Anneanne Ali’ye “Torunum, kirpiler sevimli hayvanlardır. Onlardan korkulmaz, kirpiler bizlere zarar vermez” diyerek, Ali’nin dokunmasını istemiş. Ali çekinerek kirpinin dikenlerine eliyle dokunmuş. Kirpicik hiç kaçmamış. Ali’ye gülümsemiş. Anneannesi meyve toplamak için Ali’nin yanından ayrılmış. Kirpicik Ali’ye selam vermiş. Ali çok şaşırmış, Kirpiyi duyuyormuş. Kirpicik; “Ali sen çok iyi kalpli çocuksun bazı insanlar biz hayvanlara zarar veriyor, bizler çok üzülüyoruz ve onlardan kaçıyoruz. Sen öyle değilsin, bizi sevenlerle biz konuşuruz.” Ali kirpiyle dost olmak istemiş, tanışıp sohbet etmişler. Akşam kısa sürmüş, Ali çok yorgun olduğundan eve gidip hemen uyumak istemiş. Kirpiyle bir sonraki gün buluşmak üzere vedalaşmışlar. Ali ertesi gün akşamı iple çekmiş. Kirpide bahçede ağaç altında Ali’yi bekliyormuş. Ali kirpilerin dünyasını çok merak ediyormuş. Hemen söze başlamış, sizi çok tanımak istiyorum. Kirpi “O zaman hemen tanışalım. Bizler ortalama on yıl kadar yaşarız, siz insanlar gibi değiliz. Bazılarımız meyve sebze ile beslenirken bazılarımız böcekler yiyerek karnımızı doyururuz. Birazcık tembeliz. Günde on sekiz saat kadar uyuruz.” Ali gülümsemiş. “Bende uykuyu çok severim ama o kadarı da fazla.” Kirpicik “Kış uykusuna yatan türlerimiz bulunur. Bahar ayları bahçelerde, parklarda gezmeyi çok severiz. Ali “Kirpi dostum sana yiyecek getirdim” diyerek konuşmaya ara vermiş ve hemen elindekileri kirpinin önüne koymuş. Kirpiciğin yüzü asılıvermiş. Yuvarlak burnu daha da bir yuvarlak olmuş. Ali “Acaba yanlış bir şey mi yaptım” diye sormuş. Kirpicik; “Bizler süt ve ekmek yemeyiz. En büyük yanlış bizlere süt verilmesidir. Süt çocuklara faydalı ama bize zararlıdır. Süt içersek hasta oluruz. Arkadaşlarımız farkında olmadan süt içiyorlar, geçenlerde benim arkadaşım parkta önüne konulan sütü içtiği için bir hafta hasta yattı. Ama oda dersini aldı. Bir daha süt içmemeye karar verdi.” Ali yeni bir şey öğrenmişti, bu dostluk ona çok şey kazandırmıştı. Ali eve dönünce hemen hayvanlar âlemini tanımak amacıyla dedesinden bir kitap istedi birlikte şehrin kütüphanesine giderek, kirpiler ve diğer hayvanların dünyasını anlatan kitap aldılar. Ali hem kitabı okuyor hem de edindiği bilgileri kirpi dostuna anlatıyormuş. Ama zaman aynı kalmıyormuş, yaz bitmiş, Ali’nin anne ve babası onu almaya gelmişler okullar açılacakmış. Ali akşam kirpicikle vedalaşmış. Bir dahaki yaz tatilinde buluşmak için sözleşmişler.

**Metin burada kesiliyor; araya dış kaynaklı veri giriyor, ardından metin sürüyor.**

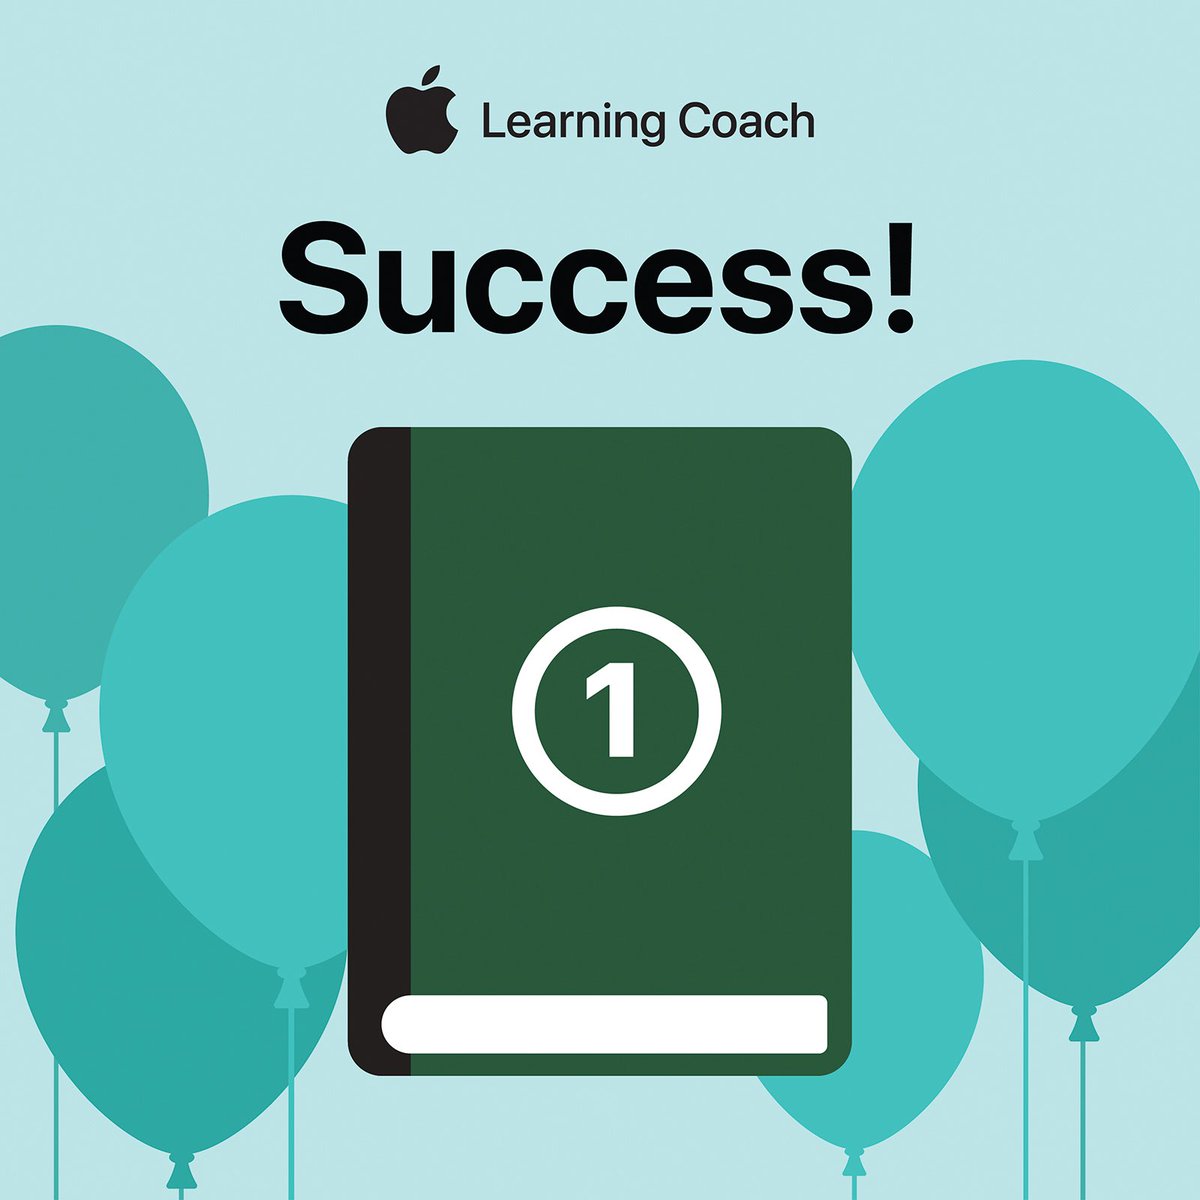 Just completed Unit 1 of the Apple Learning Coach certification program. Learning so much about instructional coaching and meeting learners where they are! #InnovationVanguard #BPSD #BPSDInnovators #OCCUE #Apple

Ali arabada öğrendiklerini arkadaşlarıyla paylaşmak için okuluna gitmeyi çok istemiş. İnsanların kirpi ve diğer hayvanların dünyasını öğrenmeye ne kadar ihtiyacı var diye içinden geçirmiş. Ali kararını vermiş, büyüyünce veteriner olacakmış.
Gökten üç elma düşmüş; hepsi de bütün hayvansever çocukların kafasına gelmiş.